*Assignment*
Keep the images out and set the listing below down word for word.

*Data provided*
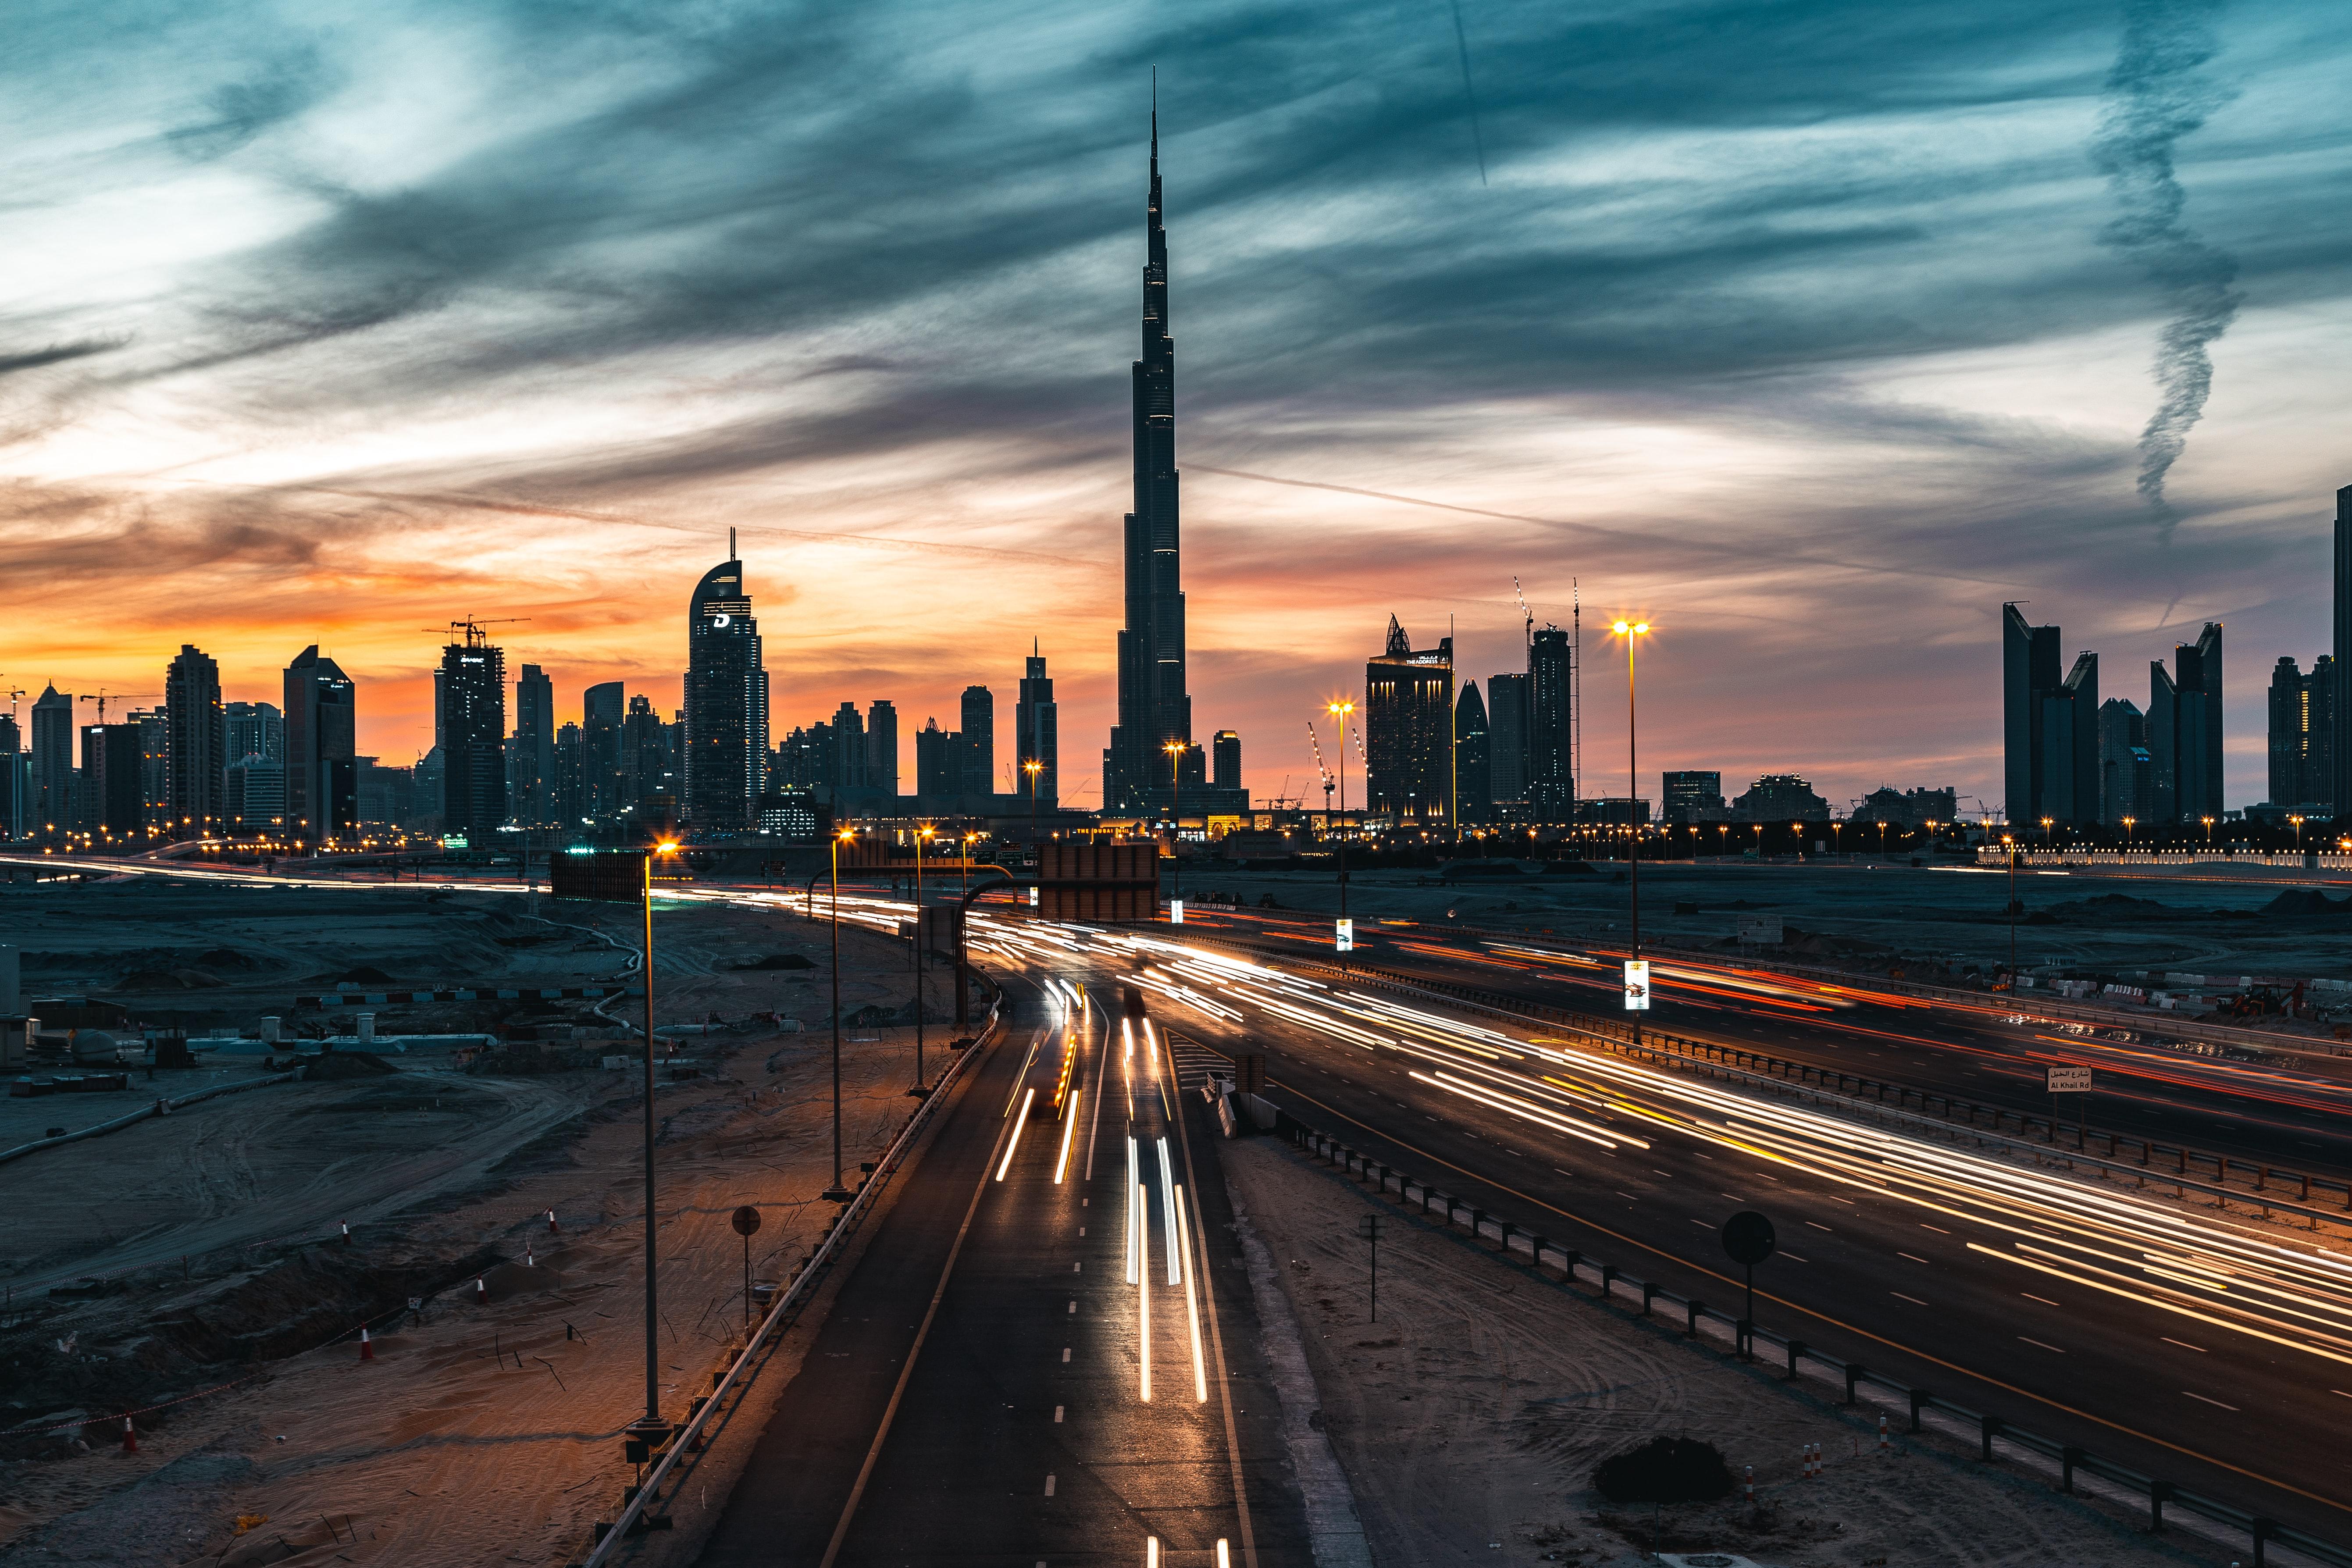 Dubai From Delhi Through Roads
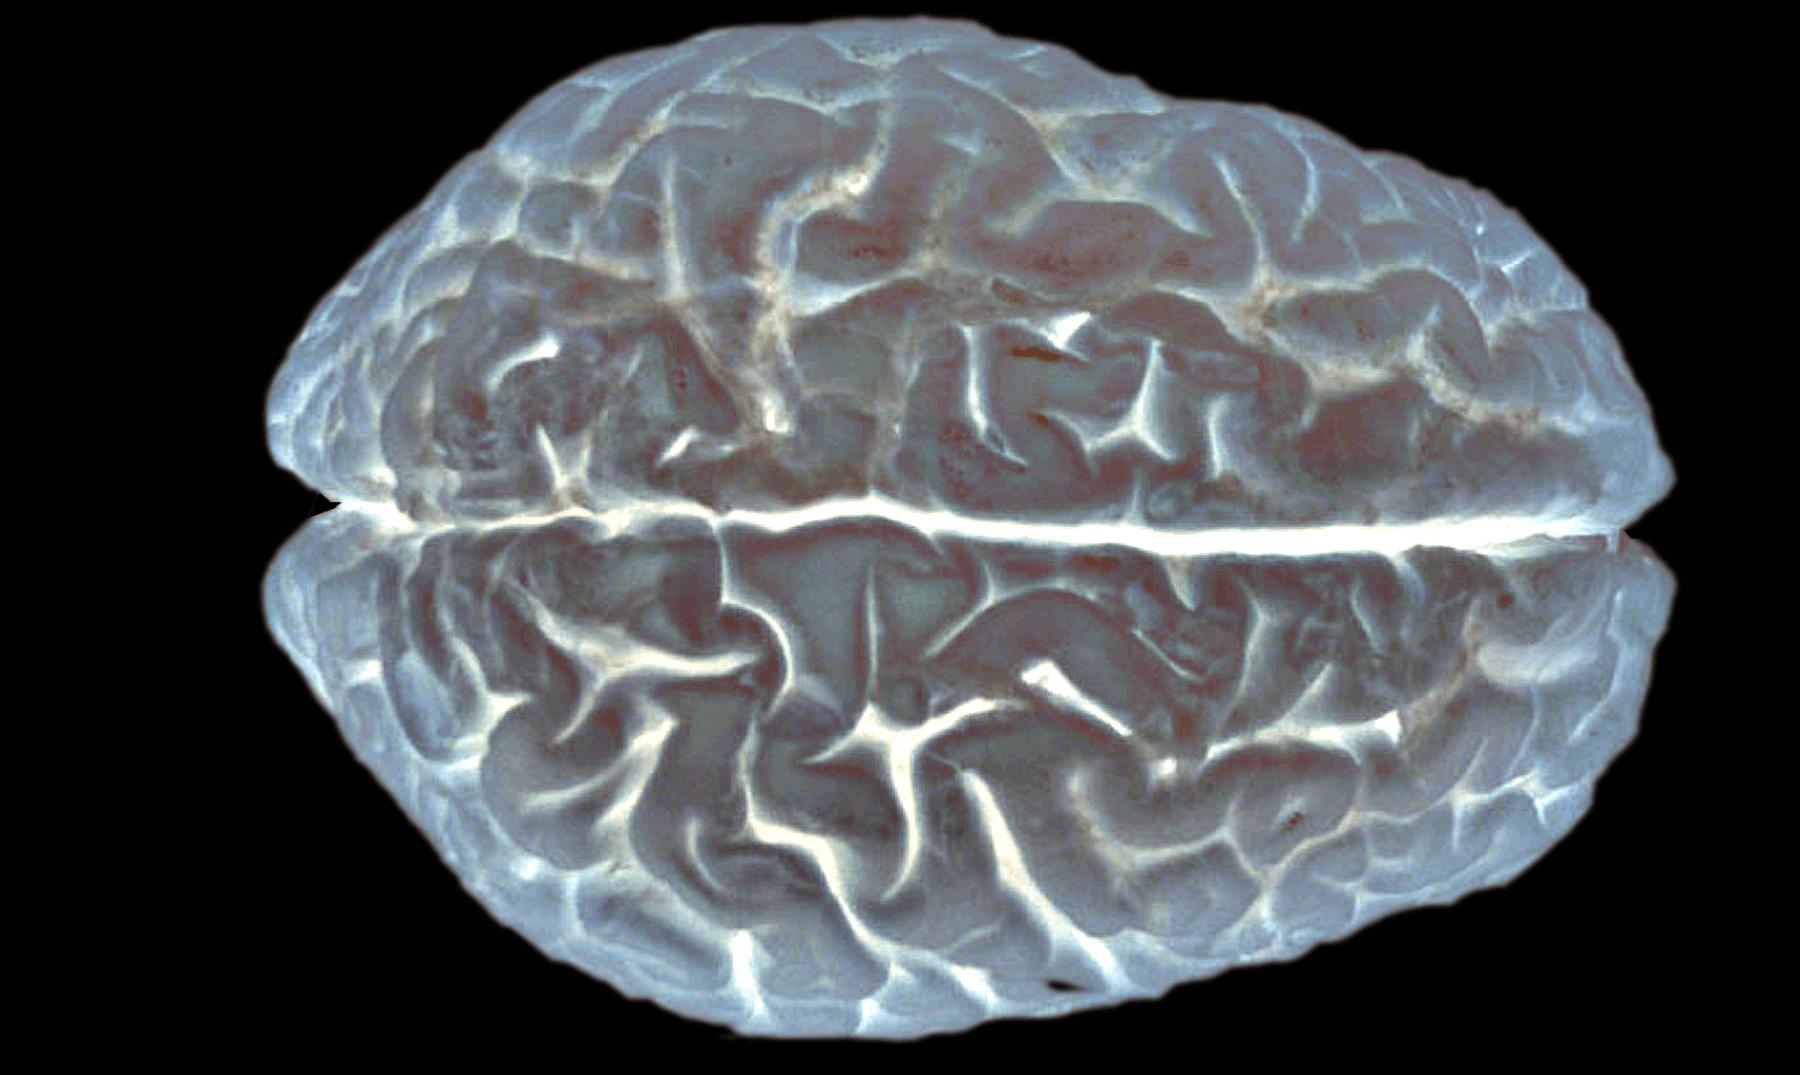 """El parásito mortal: la peligrosa ameba que """"devora"""" el cerebro humano"""
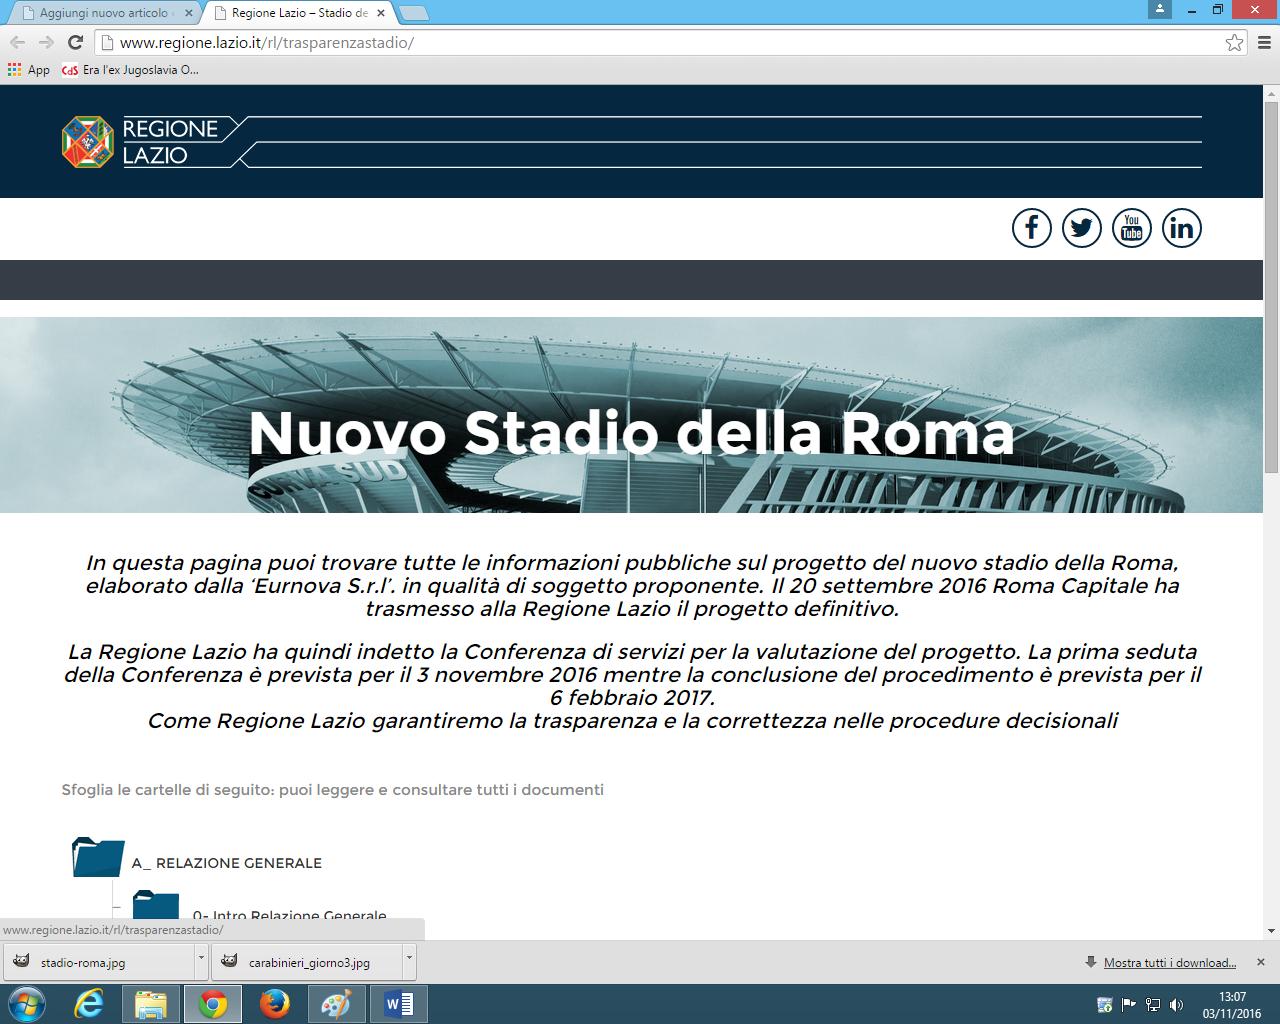 Il sito web della regione dedicato al progetto Stadio della Roma

*Result for this exercise*
 Dubai From Delhi Through Roads
 """El parásito mortal: la peligrosa ameba que """"devora"""" el cerebro humano"""
 Il sito web della regione dedicato al progetto Stadio della Roma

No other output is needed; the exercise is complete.